Thermoelectric materials have seebeck effect and peltier effect, and thus can be applied to thermoelectric generation and solid-state refrigeration. The thermoelectric power generation device and the solid-state refrigeration device have the advantages of small volume, no noise, stable operation and the like, and are widely applied to the fields of chip refrigeration, portable refrigerators, red wine cabinets, automobile tail gas thermal power generation and the like. The wearable refrigeration equipment based on the thermoelectric device has the characteristics of high efficiency and reliability in refrigeration effect, no movable parts, no chemical reaction and the like, and has great development potential in the field of personal wearable refrigeration devices. Flexible self-supporting thermoelectric generation structures such as disclosed in CN104410331a have been provided with flexible wearable properties, but their conductive electrodes do not have flexibility, resulting in very easy wire breakage when bent, which limits the application of thermoelectric devices in the wearable field.
Disclosure of Invention
The invention aims to provide a flexible stretchable thermoelectric refrigerator and a preparation method thereof, so that the thermoelectric refrigerator has flexible stretchable characteristics under the condition of ensuring the refrigerating effect of the thermoelectric refrigerator.
The invention provides a flexible stretchable thermoelectric refrigerator, wherein a hollowed stretchable silica gel insulating layer is arranged at the bottom of the thermoelectric refrigerator, and a block thermoelectric material is embedded into the insulating layer and is conducted by taking composite liquid metal as a conductive electrode.
The hollow stretchable silica gel insulating layer is made of copolyester or polydimethylsiloxane, the size of the hollow stretchable silica gel insulating layer is 2-10 cm X0.1-1 cm, the number of hollows is even-numbered pairs of 10-32X 10-32, and the size of each hollow is 1.4-5 mm X1.4-5 mm.
The block thermoelectric material is semiconductor thermoelectric particles of P type and N type, and the size is 1.4-5 mm X1.6-10 mm.

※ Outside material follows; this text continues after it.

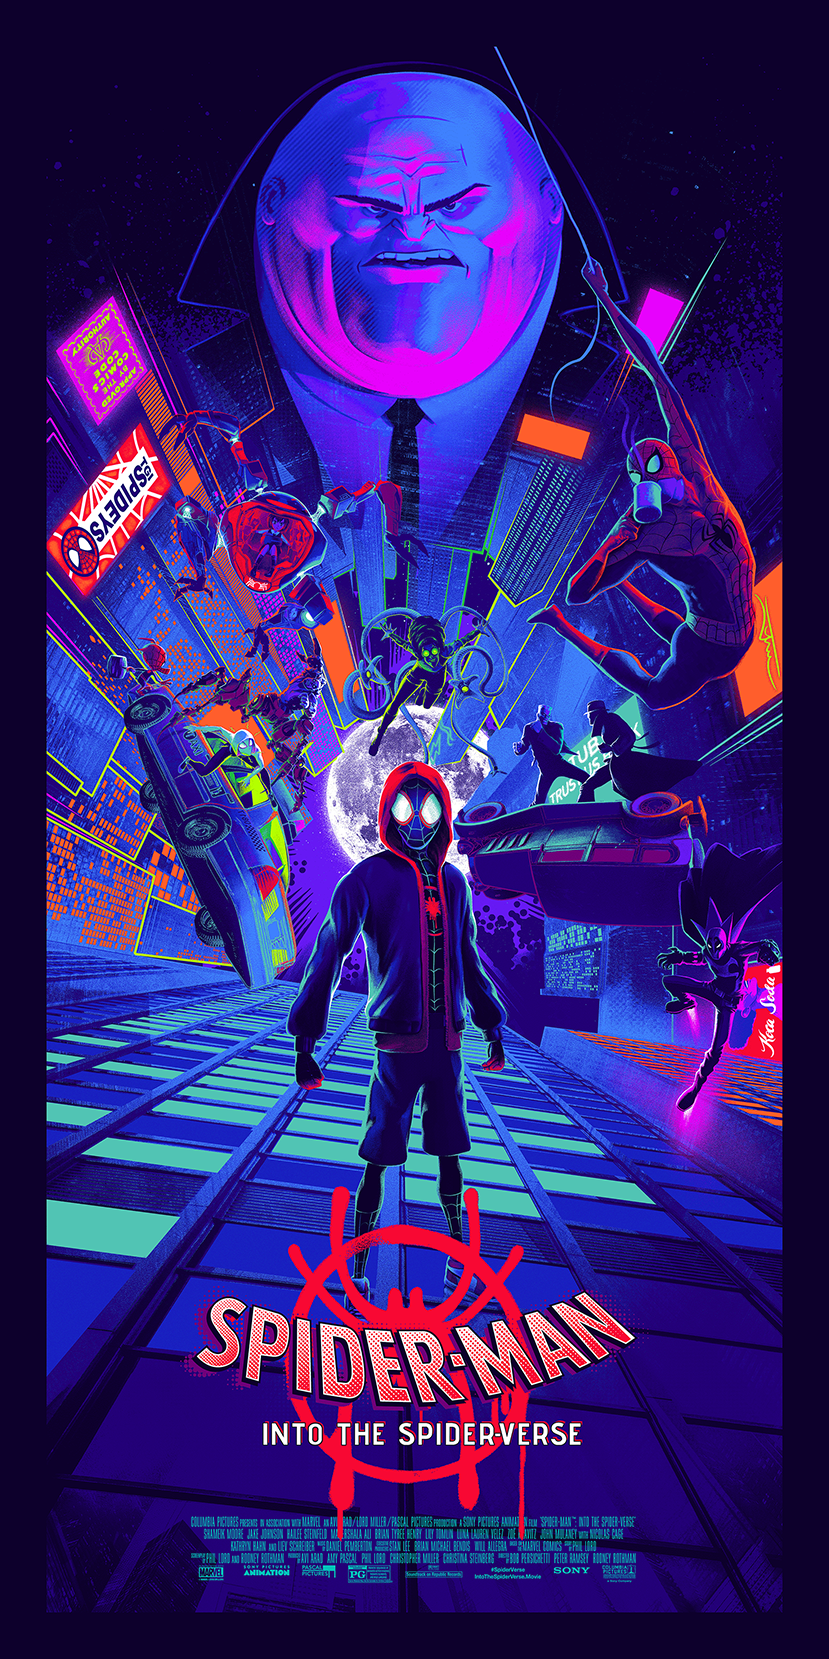 INSIDE THE ROCK POSTER FRAME BLOG: Juan Ramos Spider-Man Into the Spider- Verse Movie Poster Release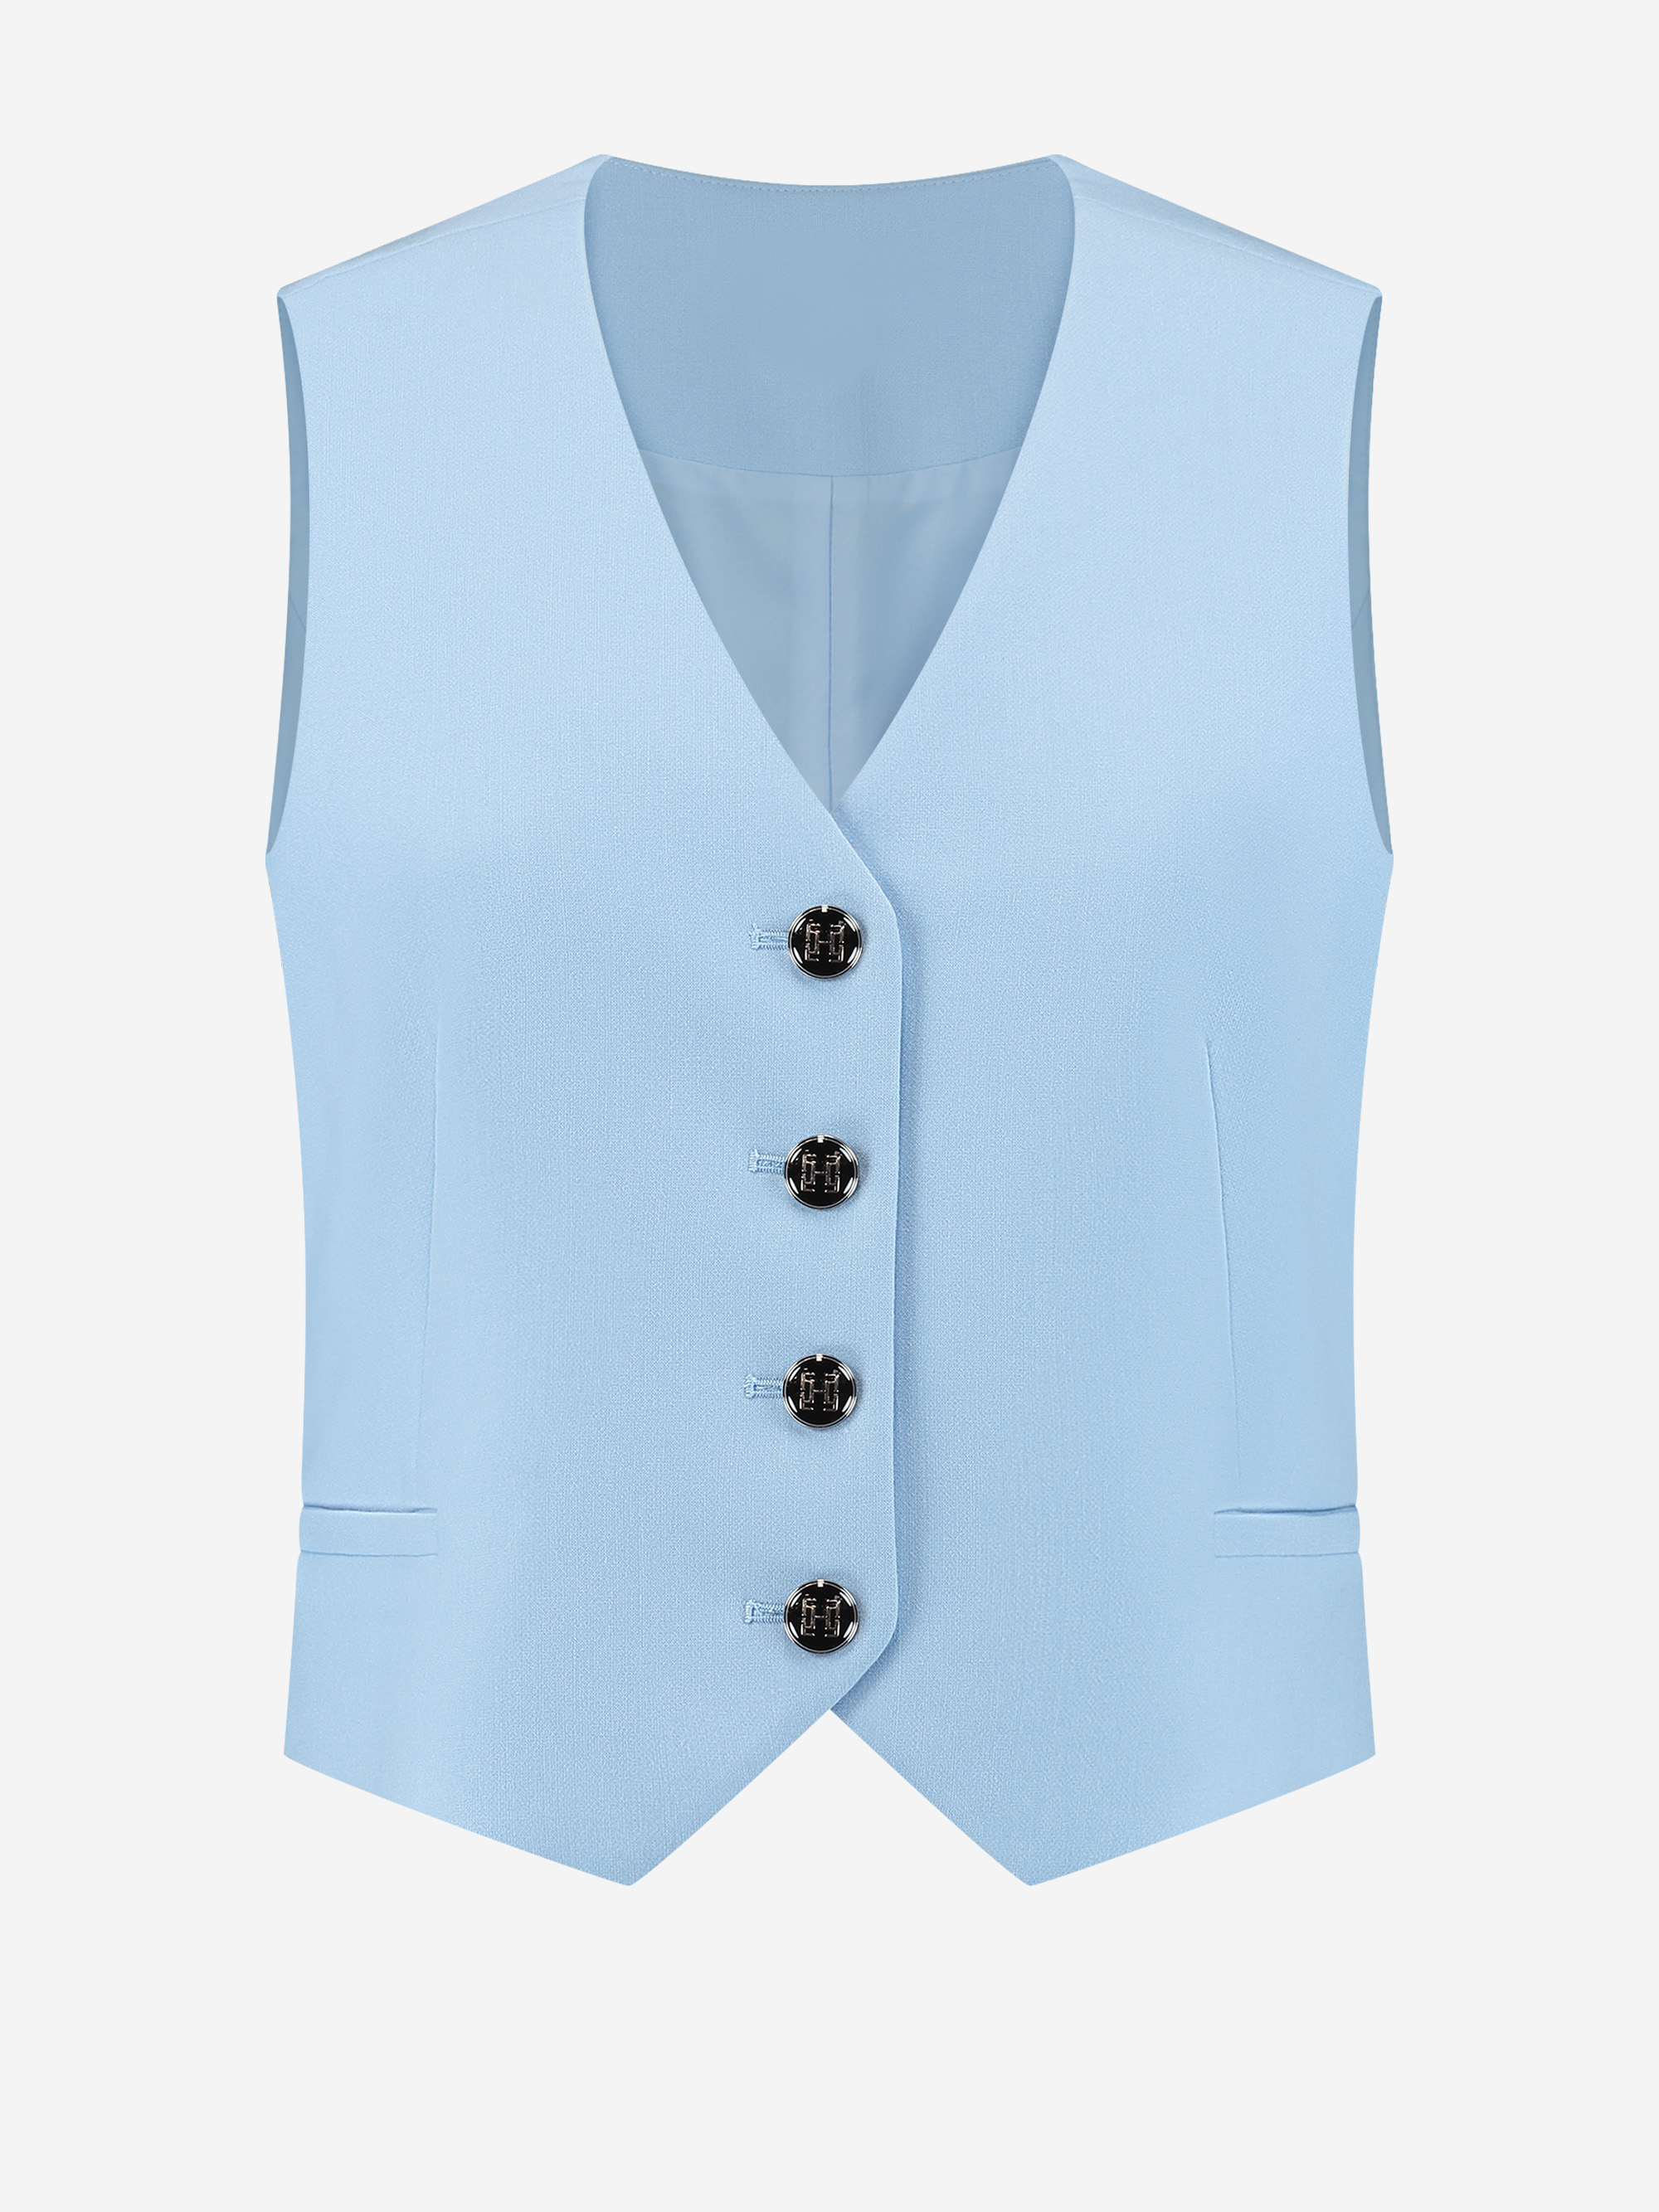 Waistcoat with buttons

The semiconductor thermoelectric particles include, but are not limited to, bi 2 Te or Bi 2 Te 3 Is a solid solution alloy material based on PbTe or a solid solution alloy material based on PbTe, and is alternately embedded in the insulating layer.
The composite liquid metal is a composite of liquid metal and nickel powder in a mass ratio of 9:1-1:1.
The liquid metal is gallium-based liquid metal and comprises but is not limited to gallium-indium alloy or gallium-indium-tin alloy, wherein the mass ratio of gallium to indium of the gallium-indium alloy is 80:20-70:30, and the mass ratio of gallium to indium to tin of the gallium-indium-tin alloy is 68.5:21.5:10.
The invention also provides a preparation method of the flexible stretchable thermoelectric refrigerator, which comprises the following steps:
(1) Printing a mould through a three-dimensional printer, pouring copolyester or polydimethylsiloxane into the mould, casting a hollowed-out stretchable silica gel insulating layer or casting a whole silica gel insulating layer, and then hollowing out the hollowed-out stretchable silica gel insulating layer;
(2) Stirring the liquid metal and the nickel powder by a refiner, and fully mixing the liquid metal and the nickel powder to prepare the flexible stretchable conductive electrode;
(3) Alternately embedding P-type and N-type semiconductor thermoelectric particles into the hollowed stretchable silica gel insulating layer;
(4) The flexible stretchable conductive electrode connects the P-type semiconductor thermoelectric particles and the N-type semiconductor thermoelectric particles in series in a brushing or spraying mode;
(5) And packaging one surface coated with the conductive electrode by using silica gel, and then coating the other surface with the conductive electrode, and packaging in the same way to conduct the whole device circuit.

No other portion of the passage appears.